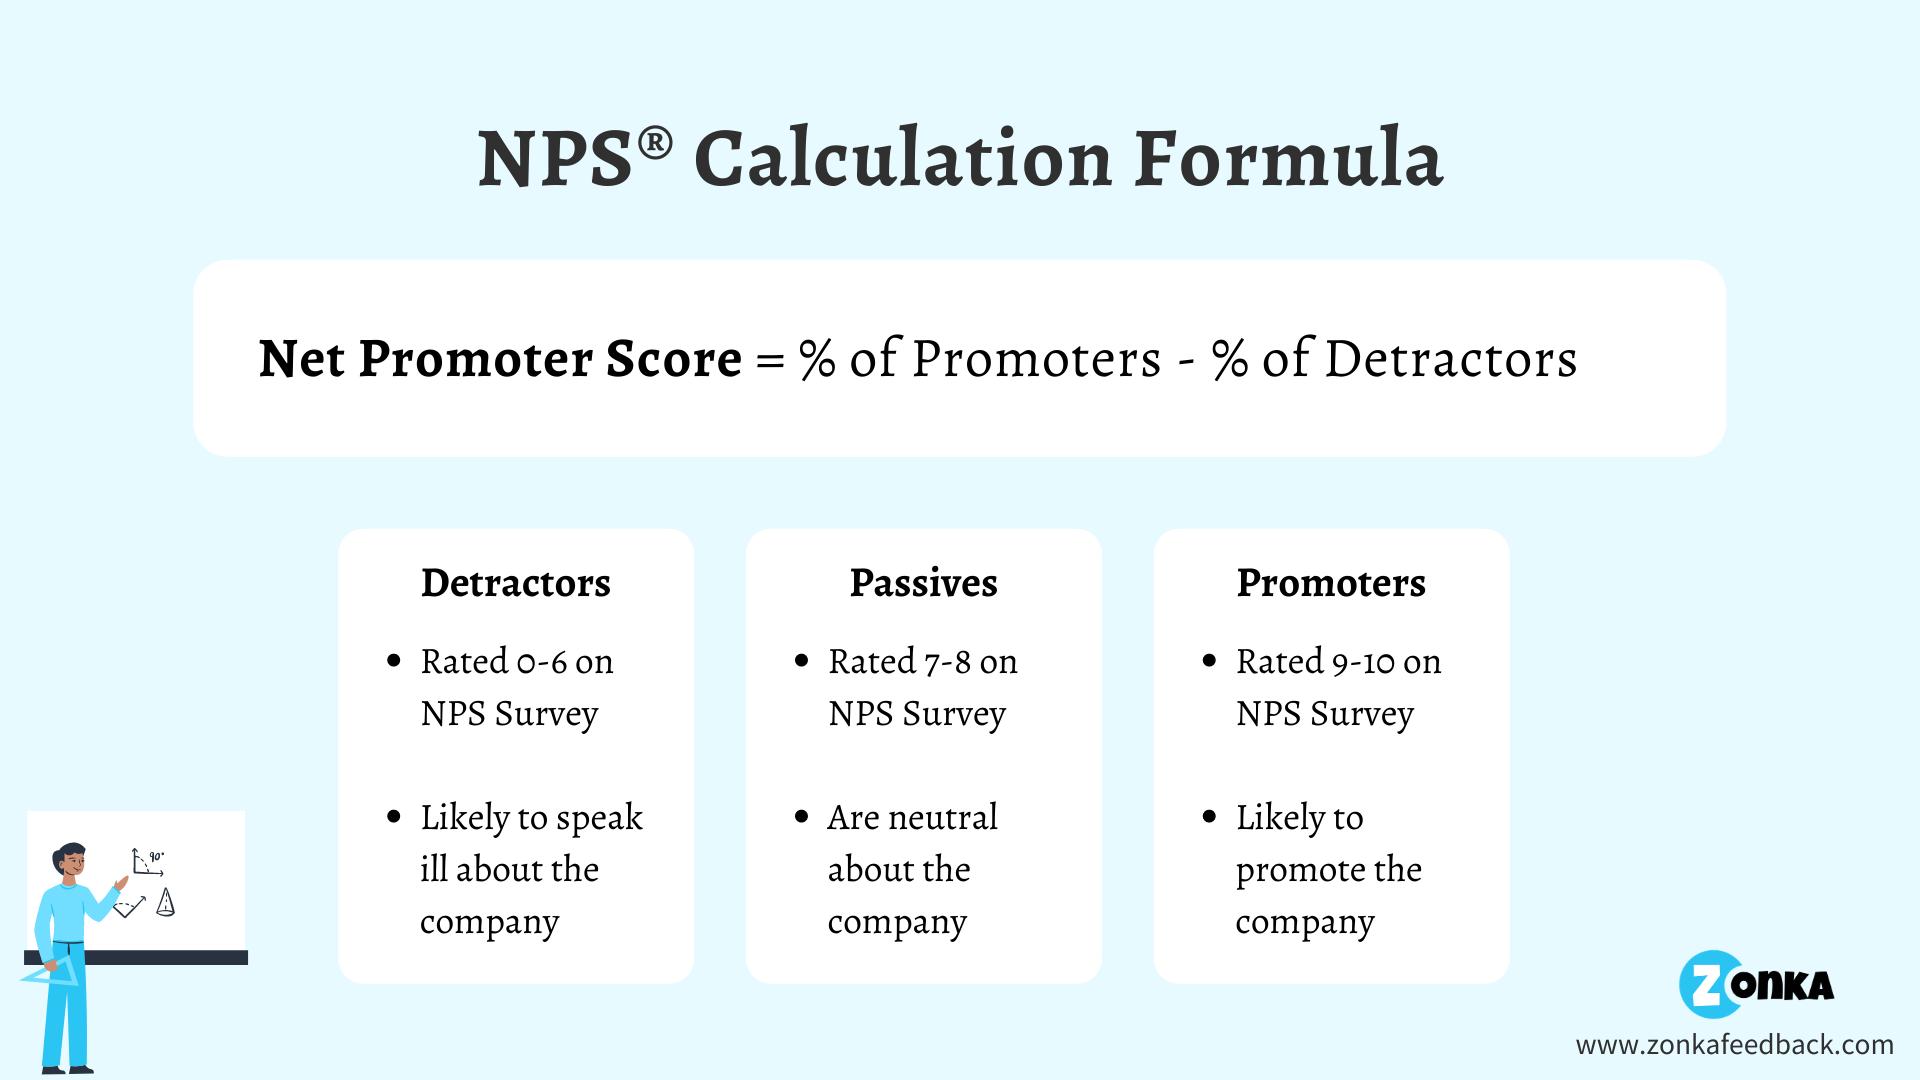 NPS Calculation Formula
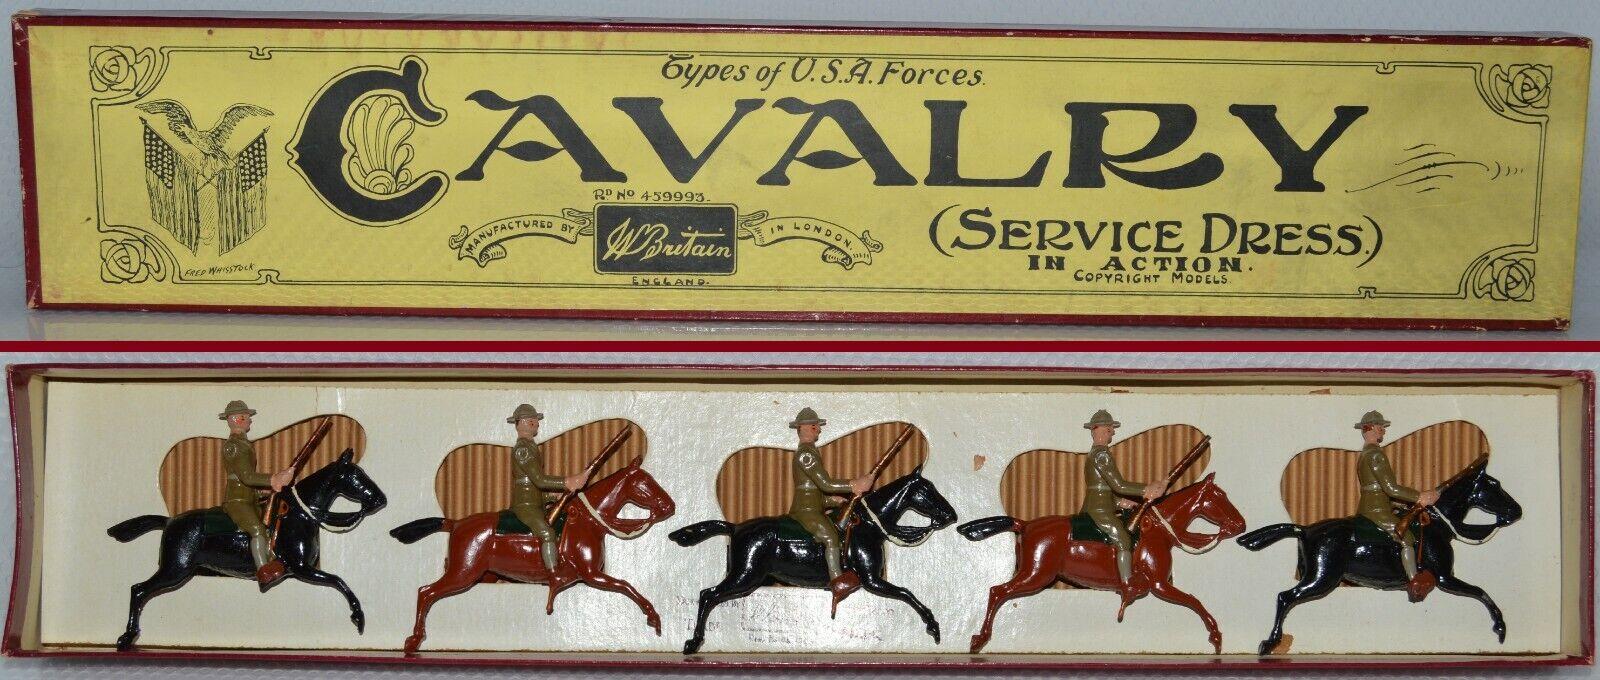 Britter före kriget, U S A s kavalleri (ca. 1928) EXCELLENT AA-10676
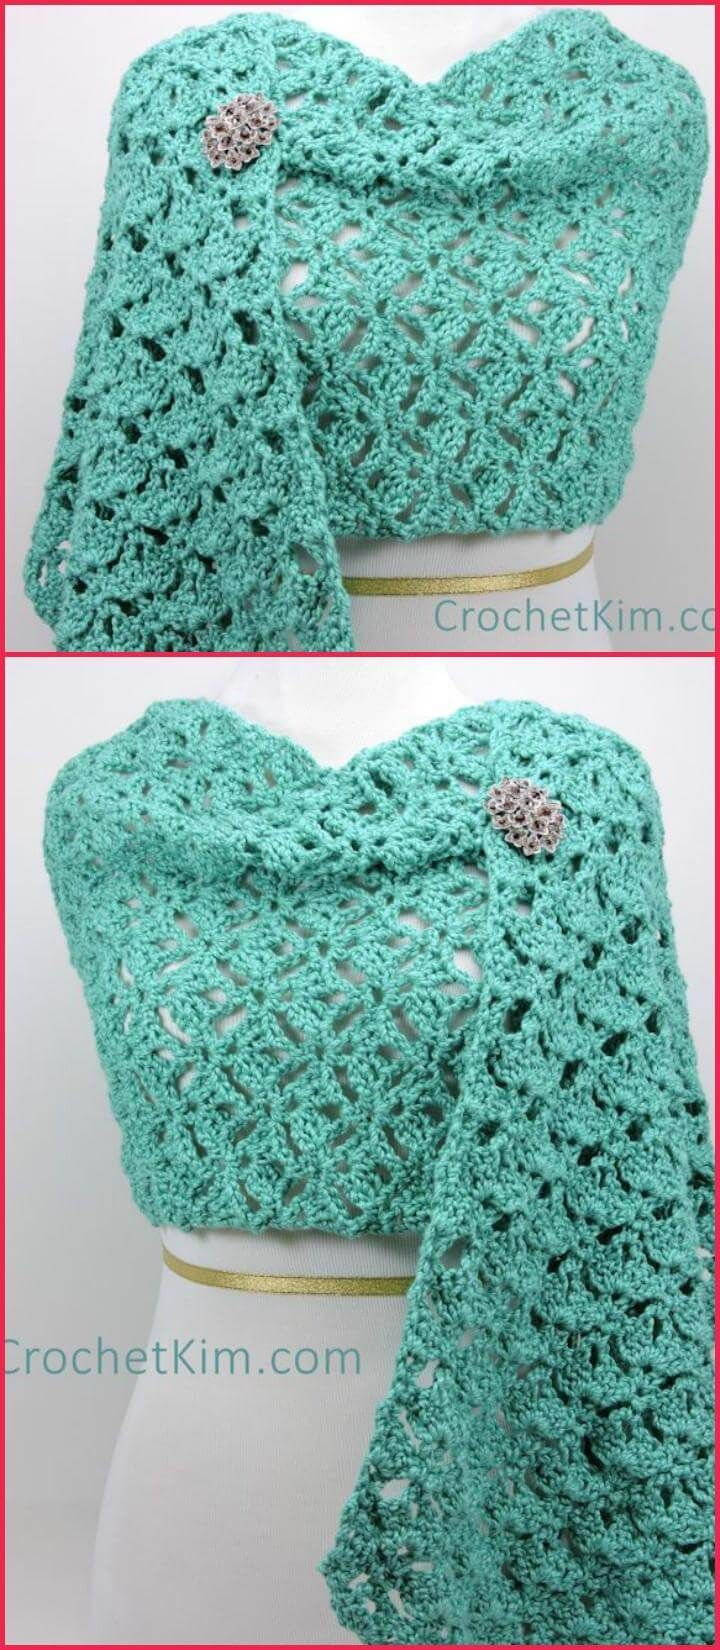 100 Free Crochet Shawl Patterns - Free Crochet Patterns - Page 9 of 19 - DIY & Crafts
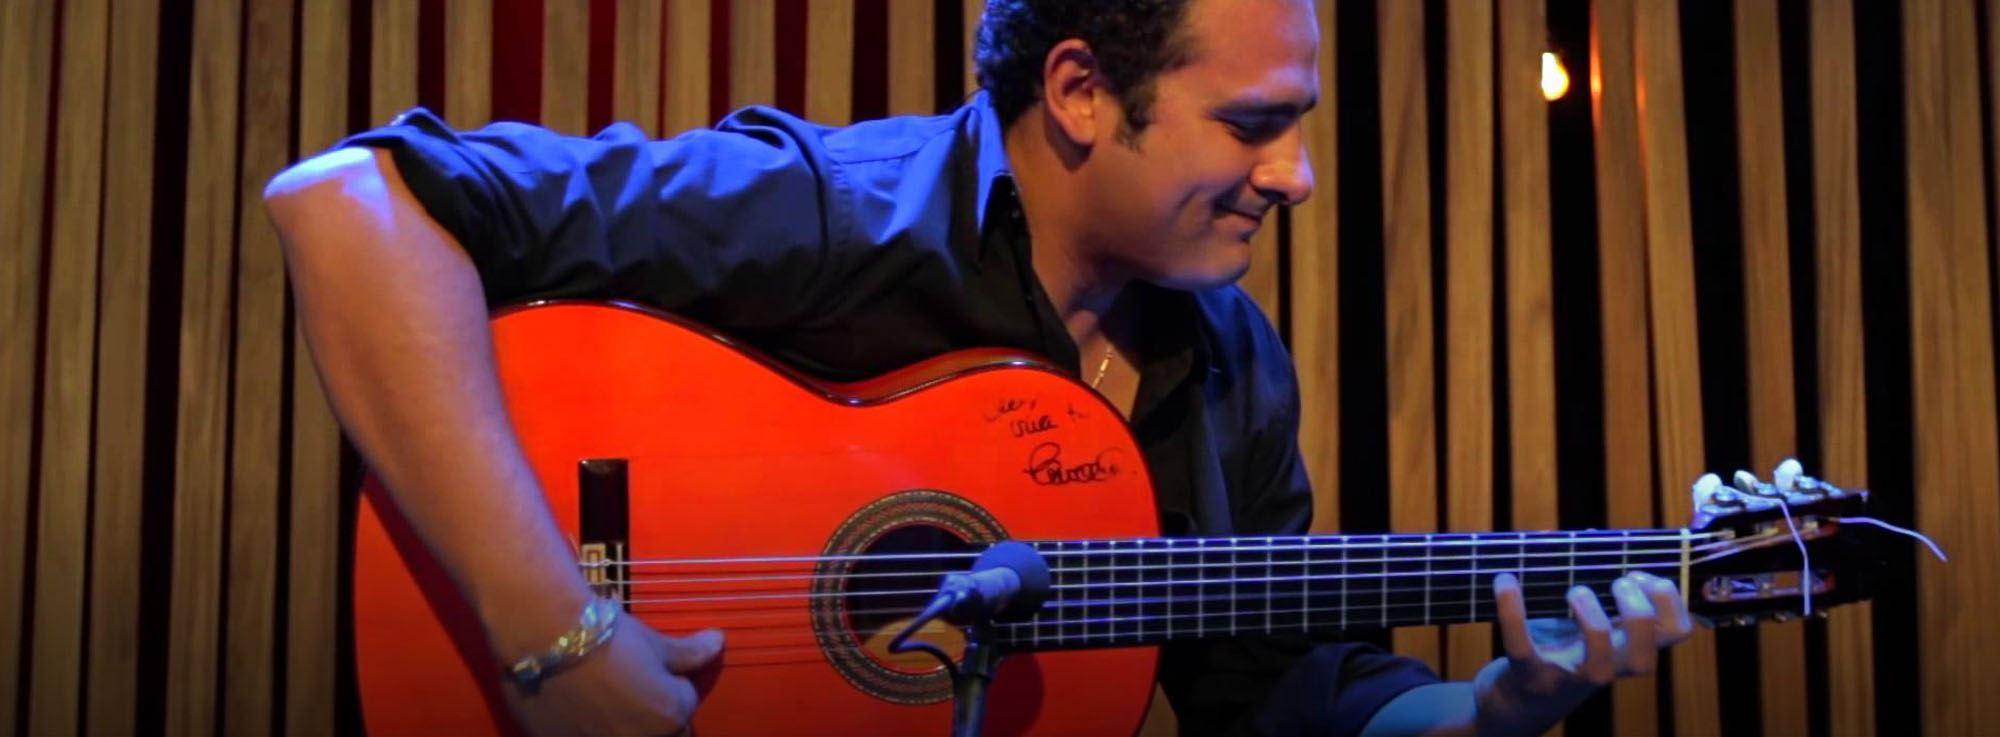 Taranto: Diego del Morao - Compagnia flamenco
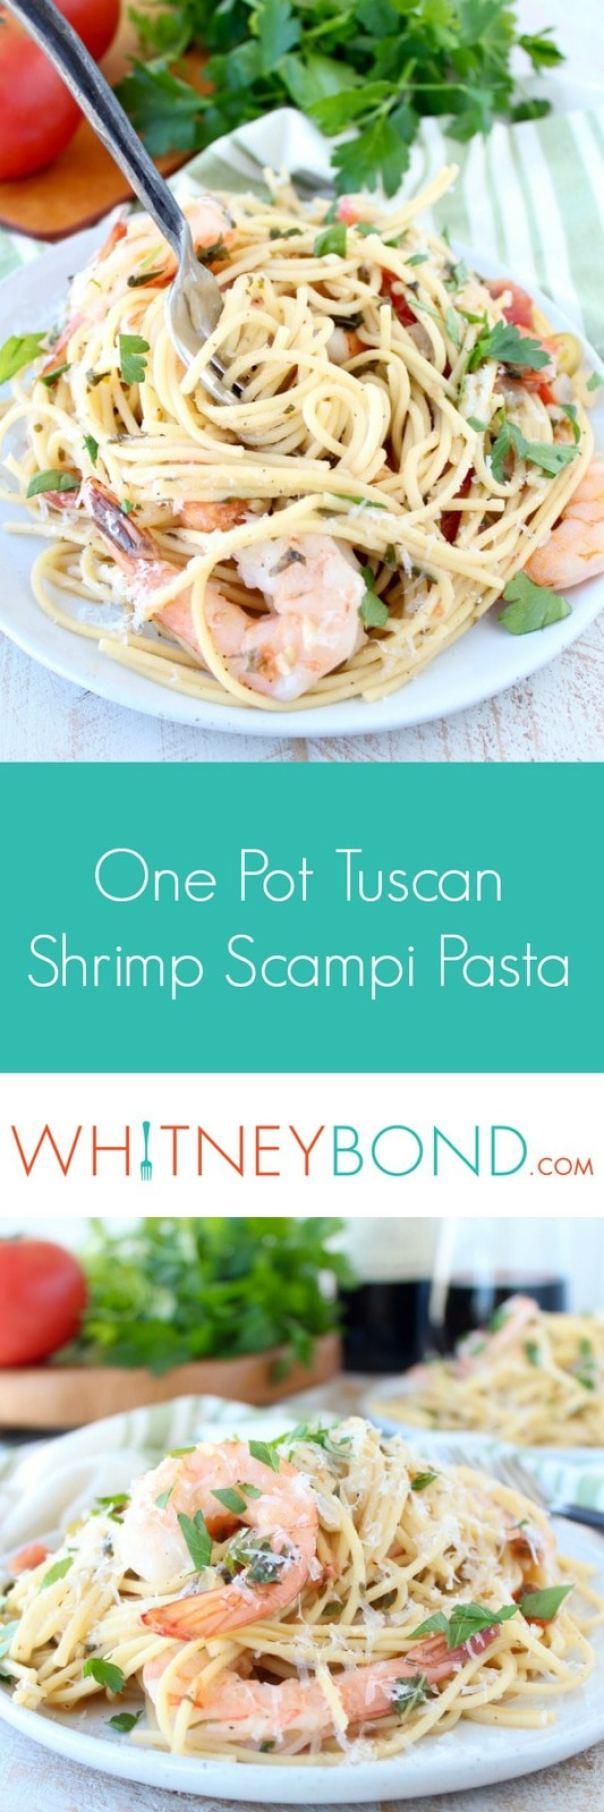 One Pot Tuscan Shrimp Scampi Pasta

- _Assignment_: From the line with "Britter före kriget, U" through the final line of the records above, return each line exactly and nothing else. Pictures are to be skipped.

- _Exercise solution_:
 Britter före kriget, U S A s kavalleri (ca. 1928) EXCELLENT AA-10676
 100 Free Crochet Shawl Patterns - Free Crochet Patterns - Page 9 of 19 - DIY & Crafts
 Taranto: Diego del Morao - Compagnia flamenco
 One Pot Tuscan Shrimp Scampi Pasta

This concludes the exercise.